■ What you are asked to do
From the first line to the last, retype the records exactly and skip the pictures.

Records from a dataset:
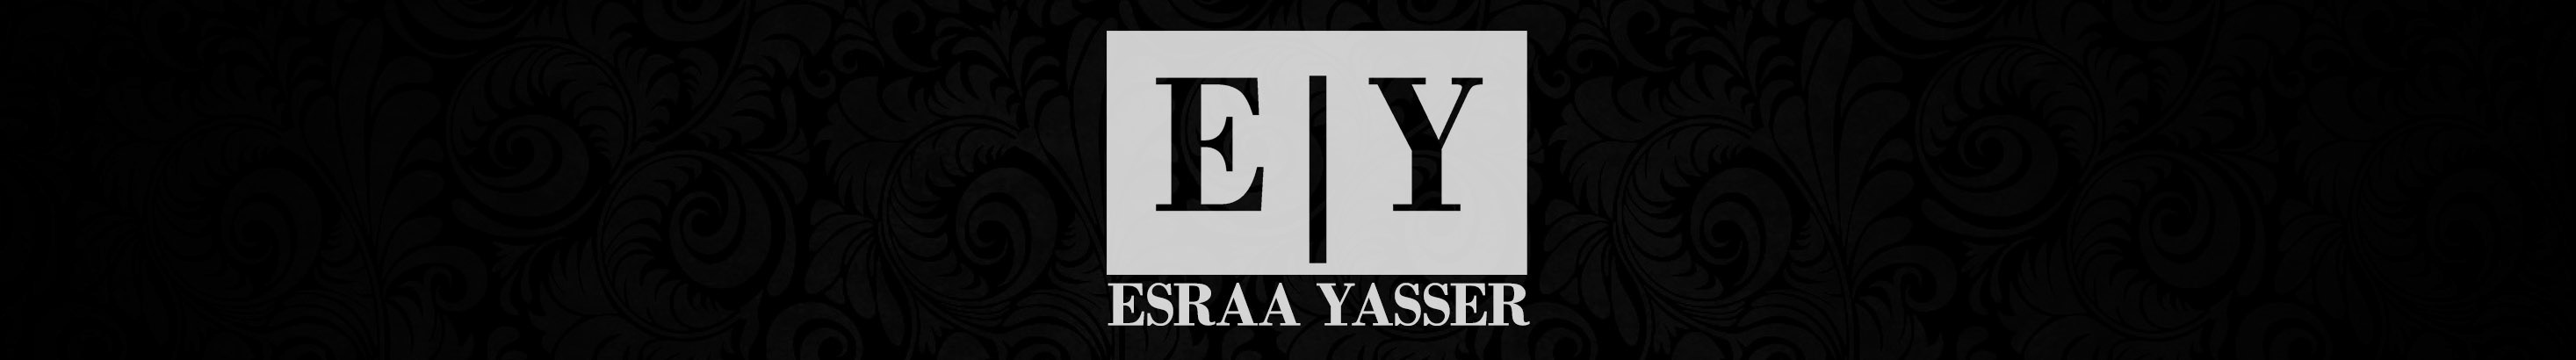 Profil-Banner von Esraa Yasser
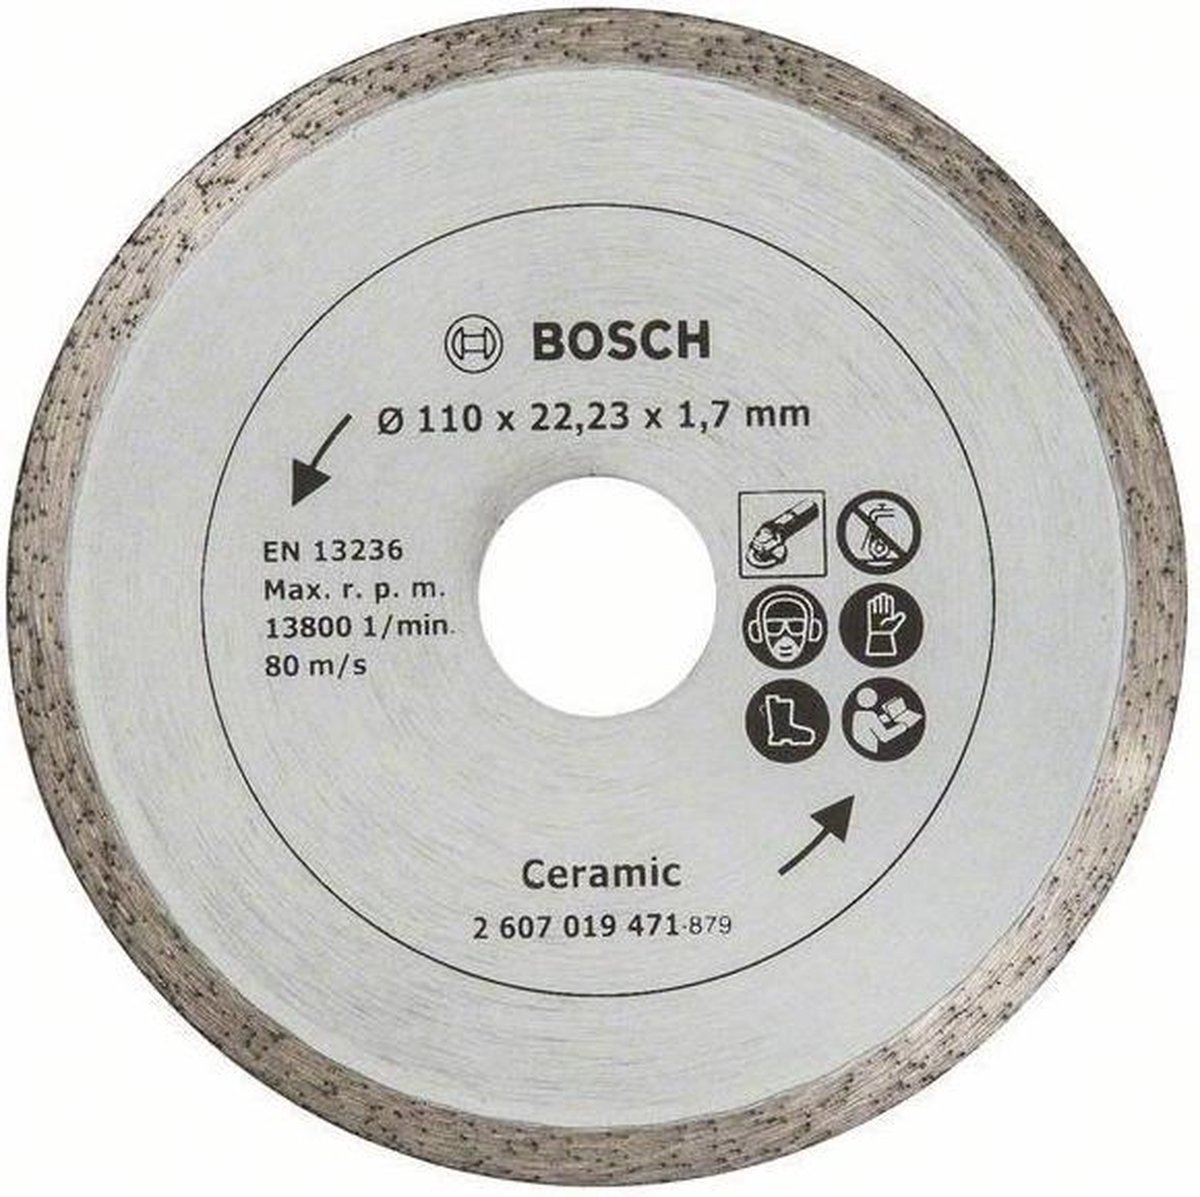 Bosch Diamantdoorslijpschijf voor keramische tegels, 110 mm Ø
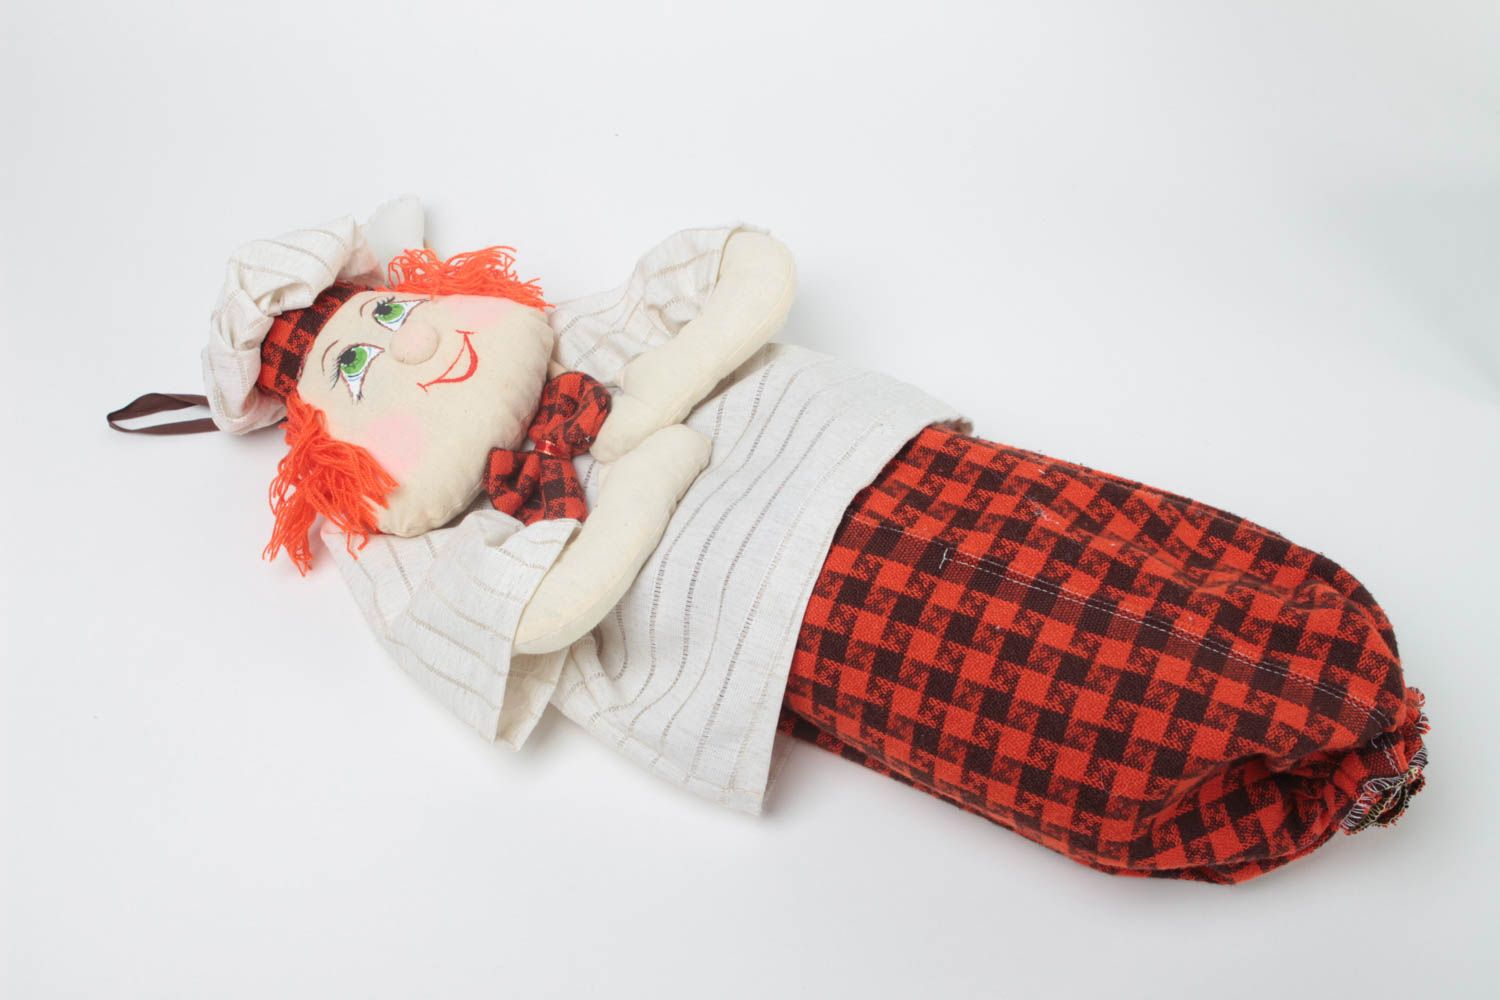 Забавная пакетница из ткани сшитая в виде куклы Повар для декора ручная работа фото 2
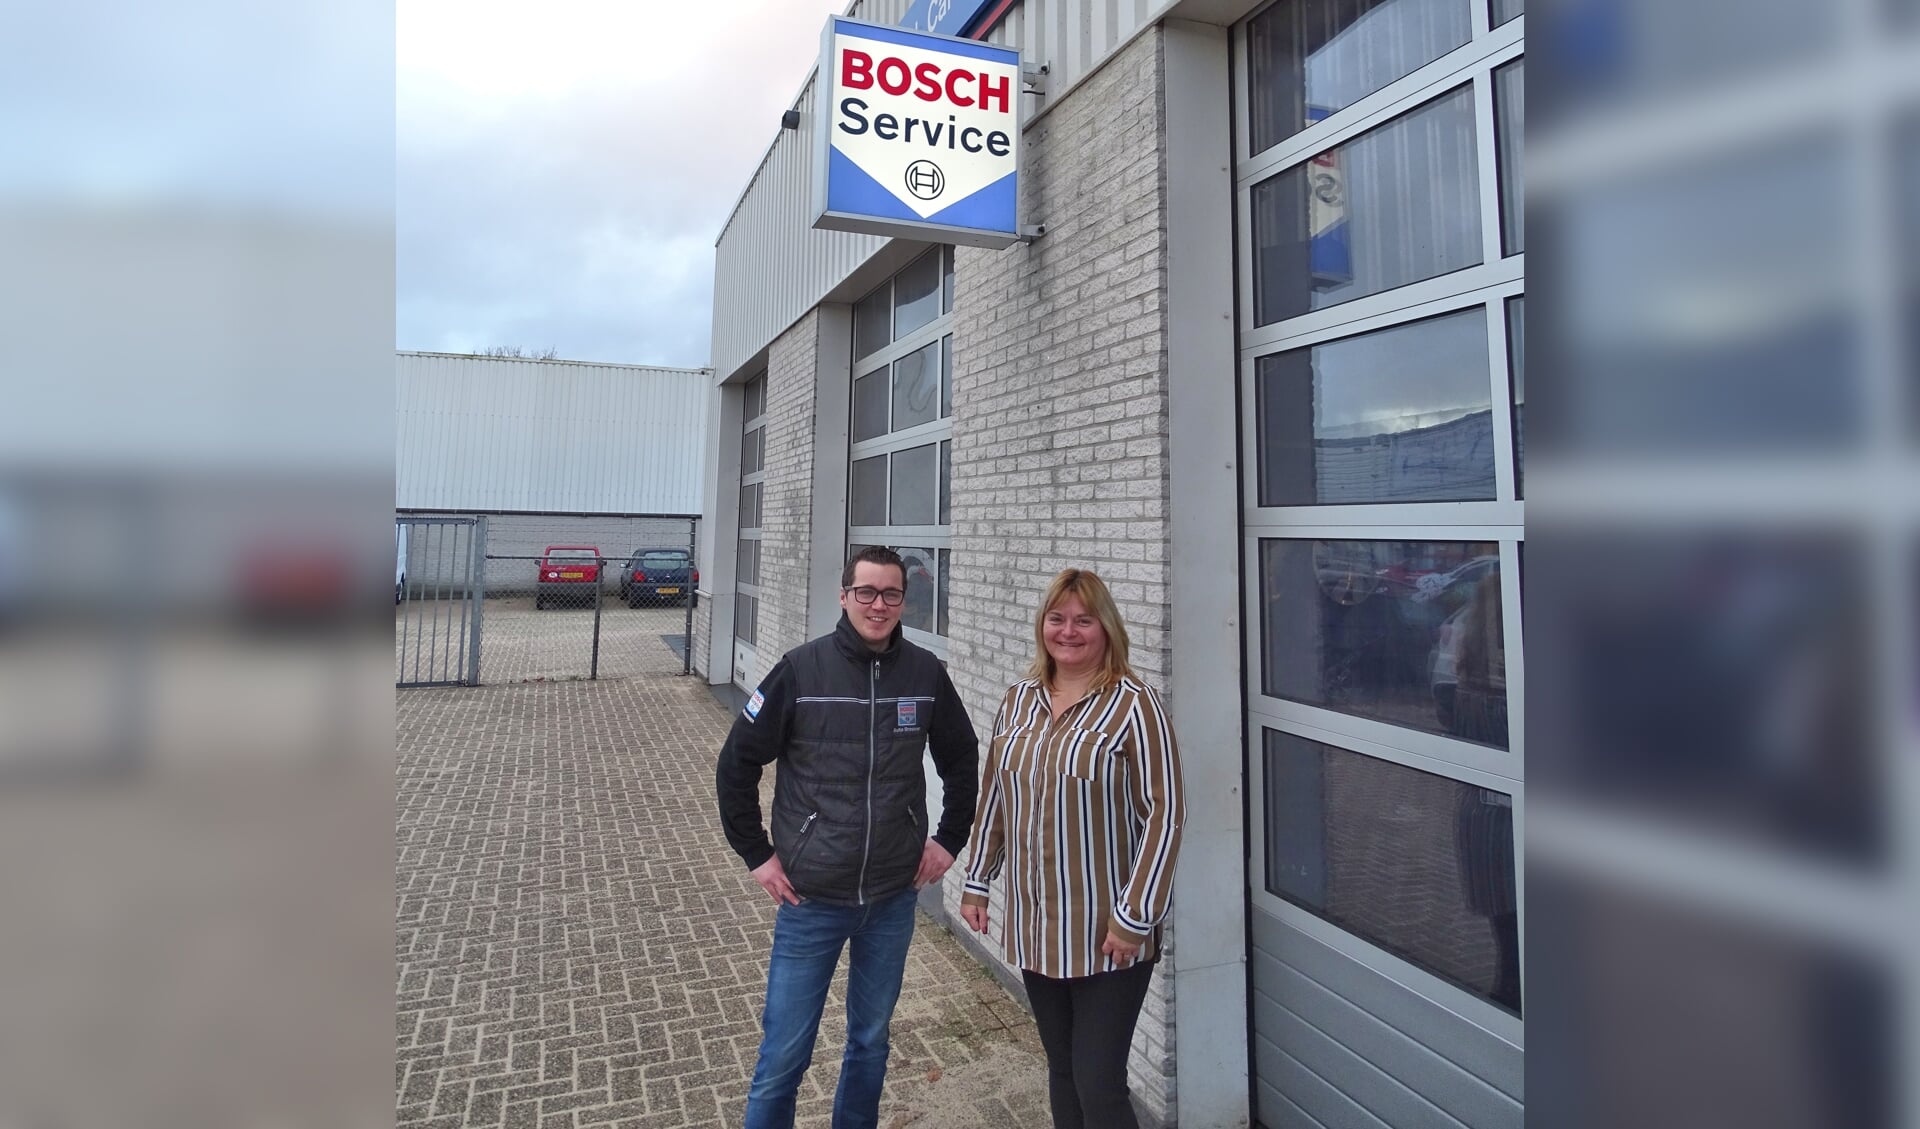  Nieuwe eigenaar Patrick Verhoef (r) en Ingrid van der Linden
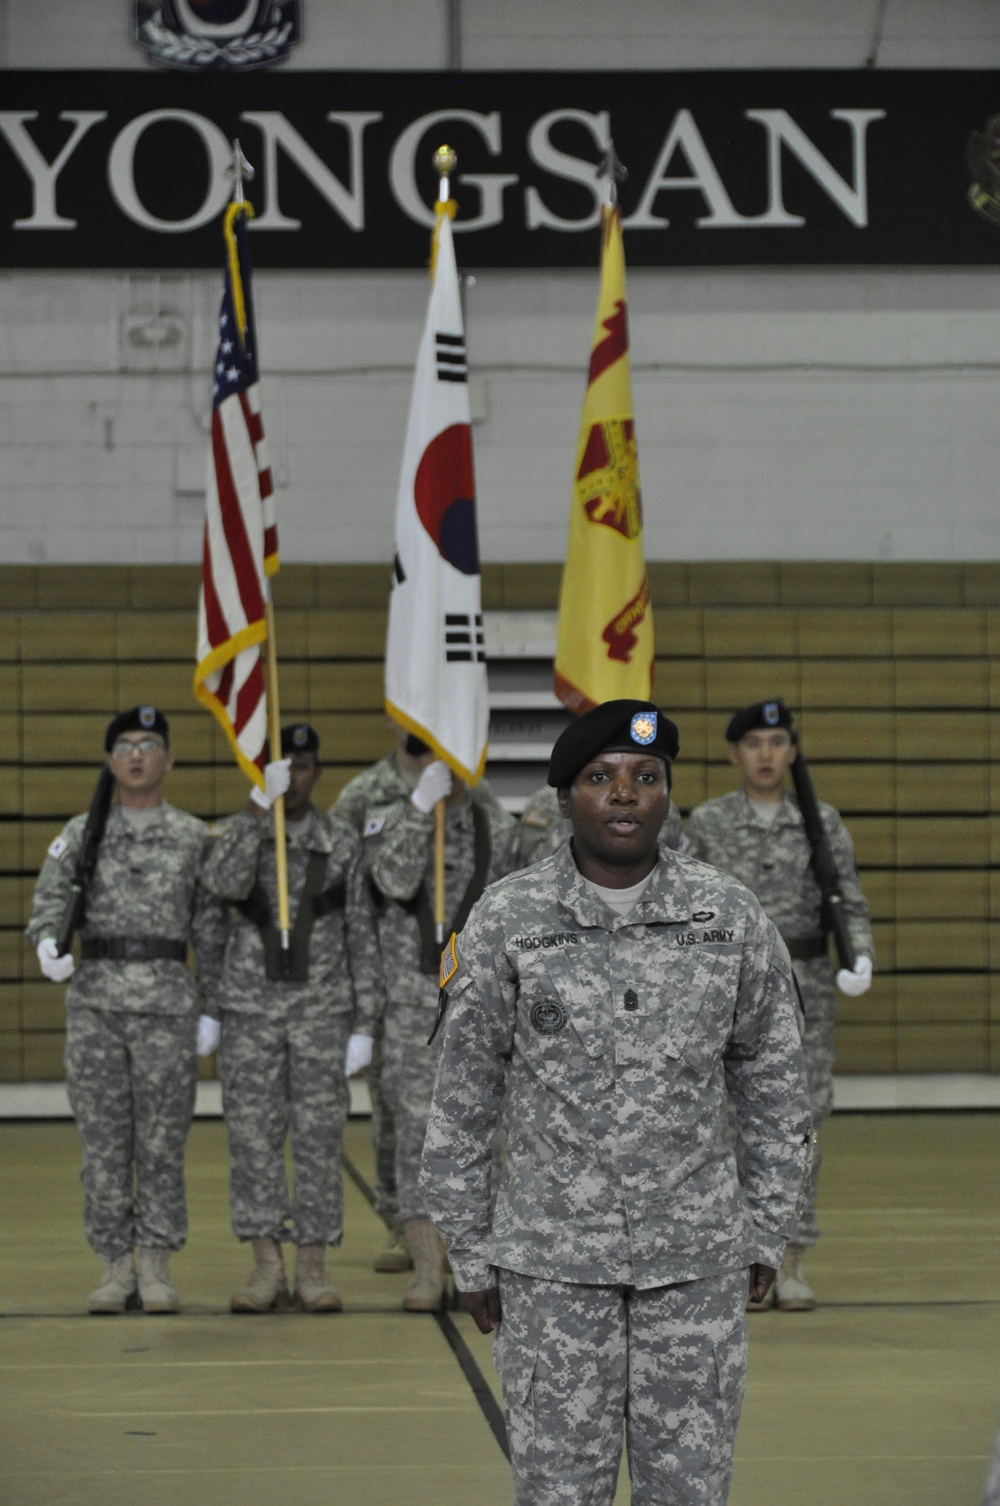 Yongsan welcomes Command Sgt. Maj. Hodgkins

■ Result
 Profil-Banner von Esraa Yasser
 Bosch Diamantdoorslijpschijf voor keramische tegels, 110 mm Ø
 Забавная пакетница из ткани сшитая в виде куклы Повар для декора ручная работа фото 2
  Nieuwe eigenaar Patrick Verhoef (r) en Ingrid van der Linden
 Yongsan welcomes Command Sgt. Maj. Hodgkins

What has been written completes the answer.